Со двора послышался топот – сапоги Завоевателей громыхали по доскам.

– Уходим, – быстро сказал Хильзен. Он вытолкнул во двор Синяку, схватил Норга за пояс и чуть ли не силой вытащил его из сарая, поспешно захлопнув за собой дверь.

Женщина опустилась на пол и беззвучно заплакала, спрятав лицо в подоле малышки, которая вытаращила на мать круглые глаза и застыла от удивления.

– Ну, что там в сарае? – спросил Хильзена капитан.

– Пусто, – небрежно ответил Хильзен.

Они снова вышли на улицу, и холодный ветер с залива принялся трепать их волосы.

Большинство домов в районе Морских улиц были брошены. Завоеватели забирали все съестные припасы, какие только находили, – мешки с крупой, кадки с солеными огурцами, муку, сало, домашние колбасы, мед. Все это они складывали в телегу с тем, чтобы после перевезти в башню.

Чем дальше уходил отряд от залива, тем состоятельнее становились дома.
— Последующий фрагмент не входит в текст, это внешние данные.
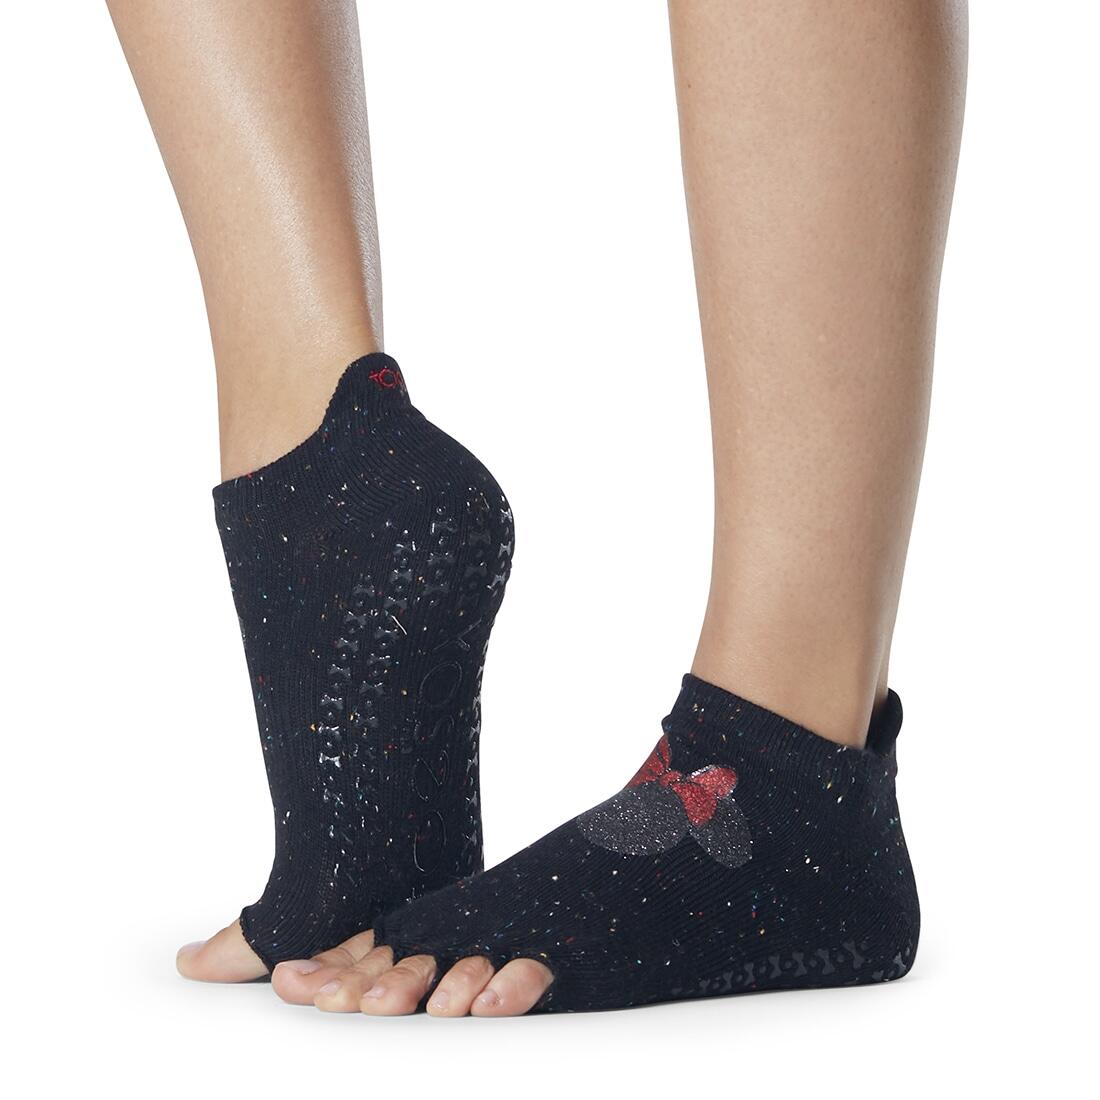 FITNESS-MAD Womens/Ladies Minnie Mouse Confetti Half Toe Socks (Black/Grey/Red)
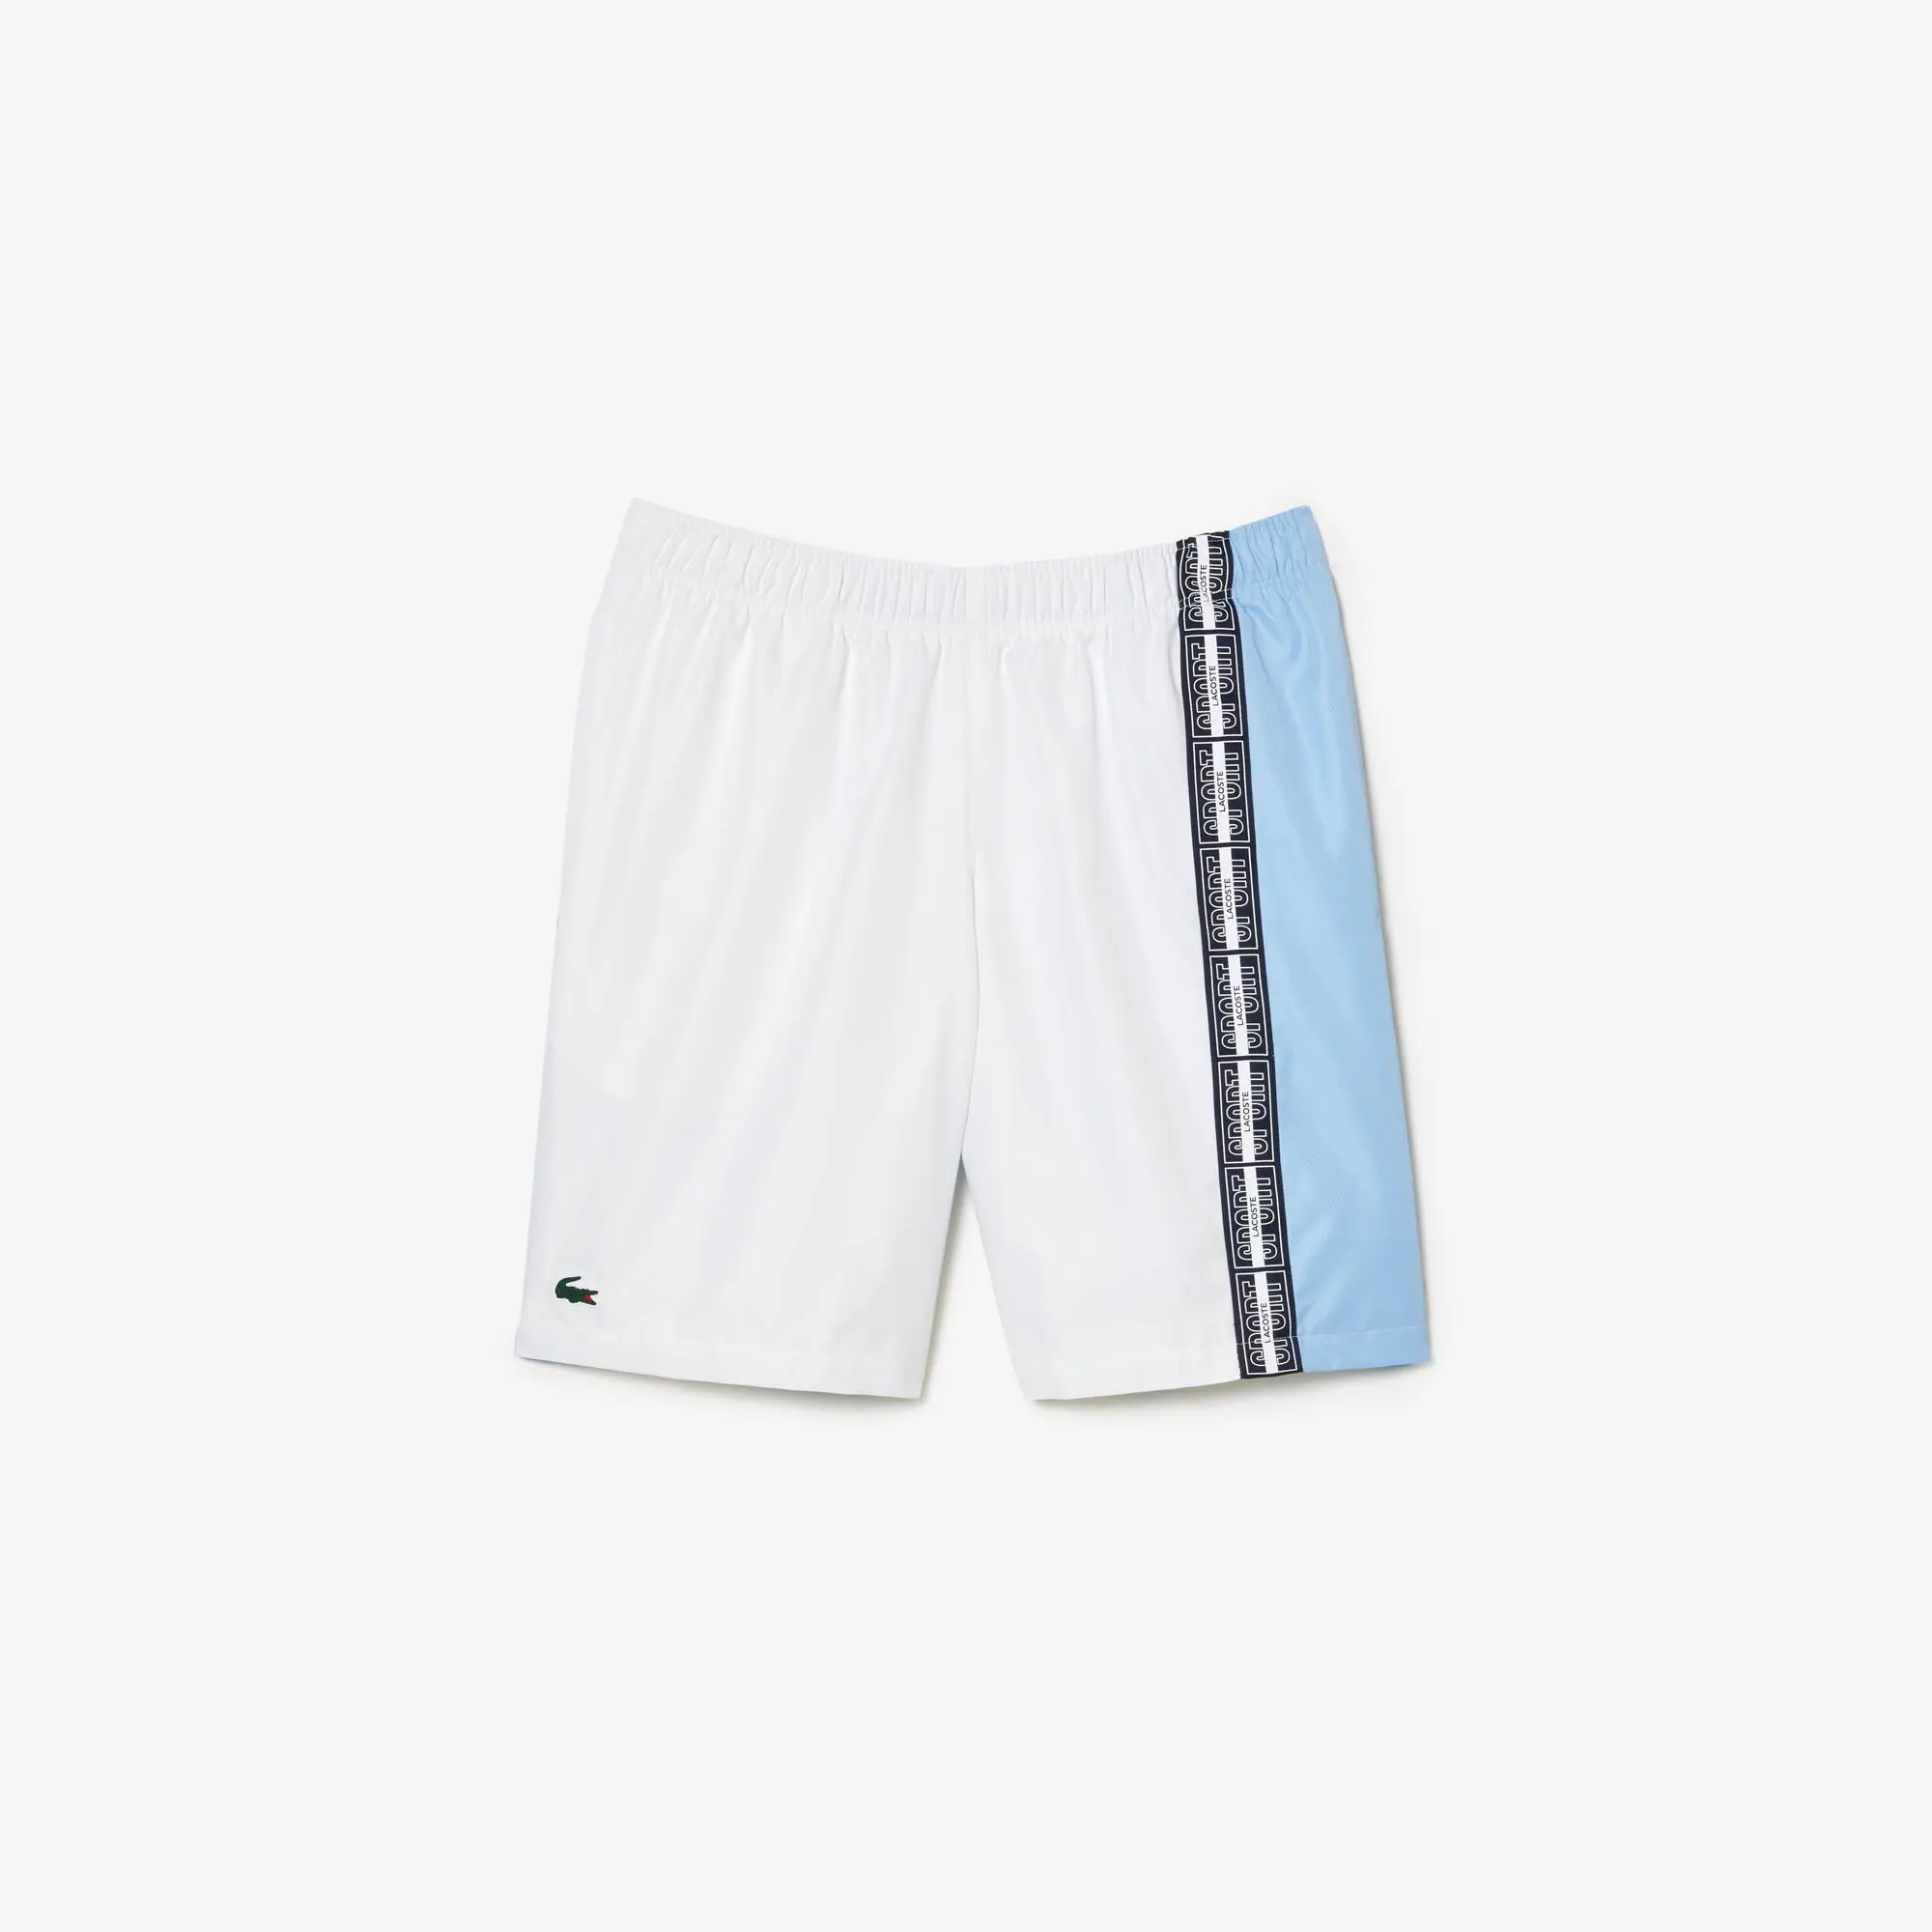 Lacoste Tennis-Shorts aus recyceltem Gewebe. 2

Почти все они получили значительные повреждения. Полуразрушенным был и тот дом, возле которого остановился Бьярни. Оглядывая хозяйским глазом тяжелую дверь с деревянным лаковым гербом (сова, сидящая на колесе), капитан хищно шевелил носом: здесь будет чем поживиться. Что с того, что рухнул флигель и выбиты стекла? Основная-то часть уцелела!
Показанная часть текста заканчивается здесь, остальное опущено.